Obama Blasts Republicans, Media ‘False Equivalence,’ Scoffs At ‘Gridlock’ Claims


President Barack Obama has been accused throughout his presidency, by his own supporters, of trying too hard to accommodate the demands of Republicans in Congress. While speaking at a fundraising event on Thursday, Obama delivered what may be his most blunt and direct attack not only on Republican congressional intransigence, but also on the media which reports on what Obama called the “false equivalence” that says “Congress is just broken.”

In the stunningly blunt statements, Obama slammed what he called “a group of folks in the Republican party” who are so “ideologically rigid” that they “refuse to budge” when it comes to compromising on what the president described as mostly middle-of-the-road proposals set forth by Democrats over the past five years.
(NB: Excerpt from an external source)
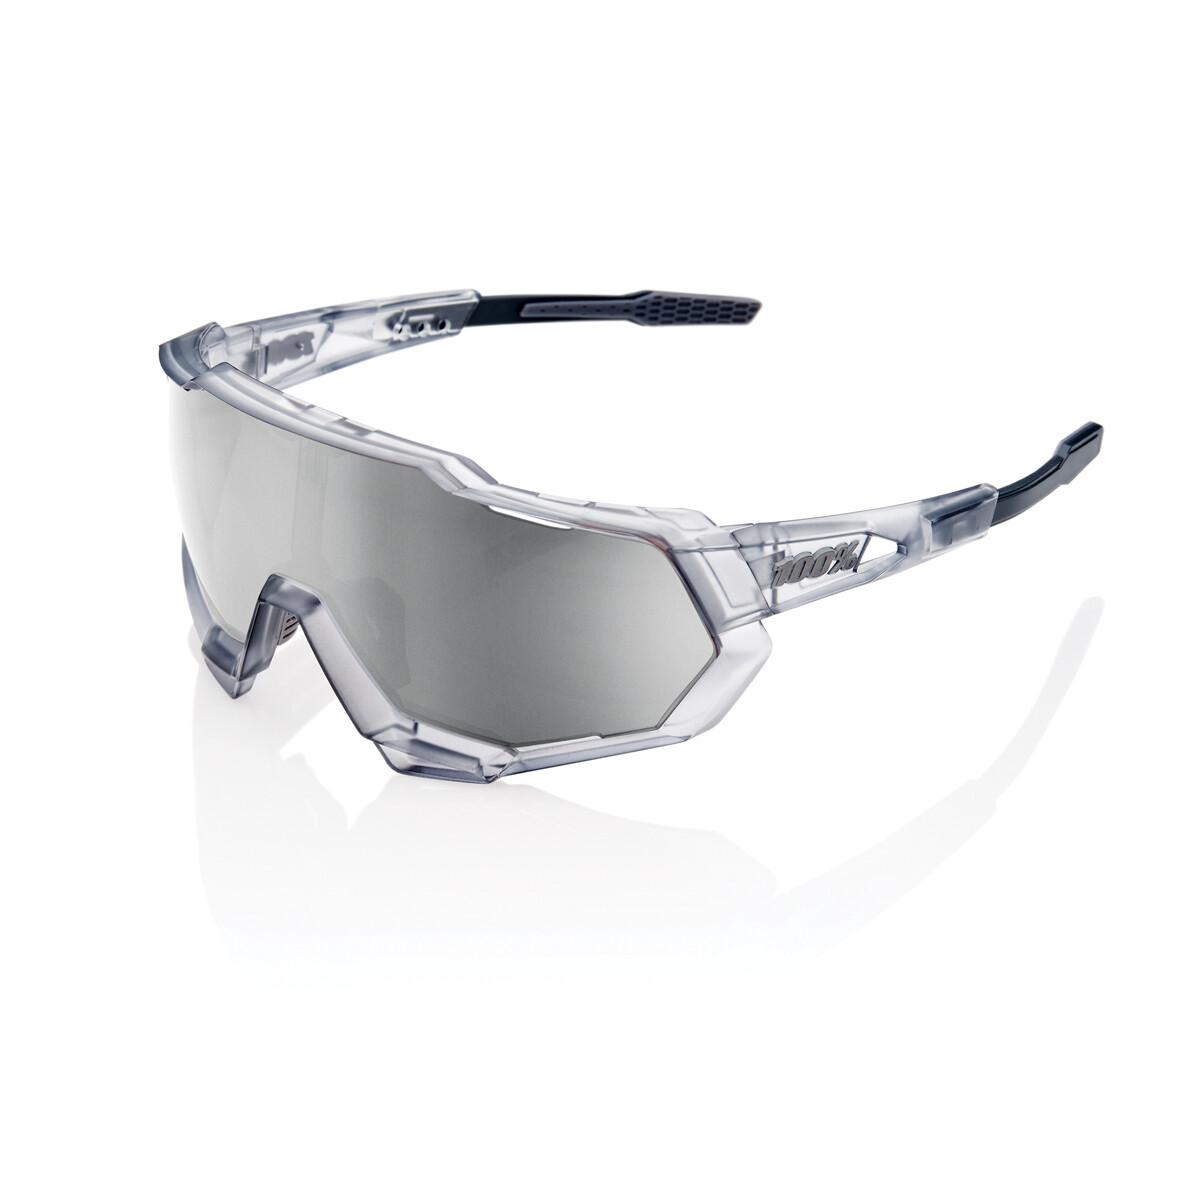 100% Speedtrap Hiper Matte Translucent Crystal Grey

“You’ll hear if you watch the nightly news or you read the newspapers that, well, there’s gridlock, Congress is broken, approval ratings for Congress are terrible. And there’s a tendency to say, a plague on both your houses,” Obama said, according to a White House transcript of the Thursday address.

“The truth of the matter is that the problem in Congress is very specific. We have a group of folks in the Republican Party who have taken over who are so ideologically rigid, who are so committed to an economic theory that says if folks at the top do very well then everybody else is somehow going to do well; who deny the science of climate change; who don’t think making investments in early childhood education makes sense; who have repeatedly blocked raising a minimum wage so if you work full-time in this country you’re not living in poverty; who scoff at the notion that we might have a problem with women not getting paid for doing the same work that men are doing.”

Obama went on to say that “the truth” is that Democrats by contrast have not been “overly ideological.” In fact, Democratic ideas, he said, have not been “radical proposals coming out from the left,” but mainstream policy proposals.

Citing examples, Obama said that Democratic tax proposals have not called for “rates in the 70 percent or 90 percent when it comes to income like existed here 50, 60 years ago,” but simply asked “those of us who have been incredibly blessed by this country” to give back.

Obama also pointed to health care, noting that the so-called “Obamacare” law is “not some wild, crazy system,” but instead was designed simply to “make sure everybody has insurance,” while maintaining the private insurance structure that currently exists.

“This made the other side go nuts,” Obama said. “The simple idea that in the wealthiest nation on Earth, nobody should go bankrupt because somebody in their family gets sick, working within a private system.”

But the Obama remarks were not reserved solely for Republicans. He also slammed media coverage of the problems in Congress, deriding the “false equivalence” in the media that portrays both Democrats and Republicans as equally at fault for “gridlock.”

“It’s not true,” Obama concluded. “What’s broken right now is a Republican Party that repeatedly says no to proven, time-tested strategies to grow the economy, create more jobs, ensure fairness, open up opportunity to all people.”

While Obama made his remarks on Thursday, they did not circulate widely until the weekend, meaning that Republicans have yet to weigh in with their rebuttal.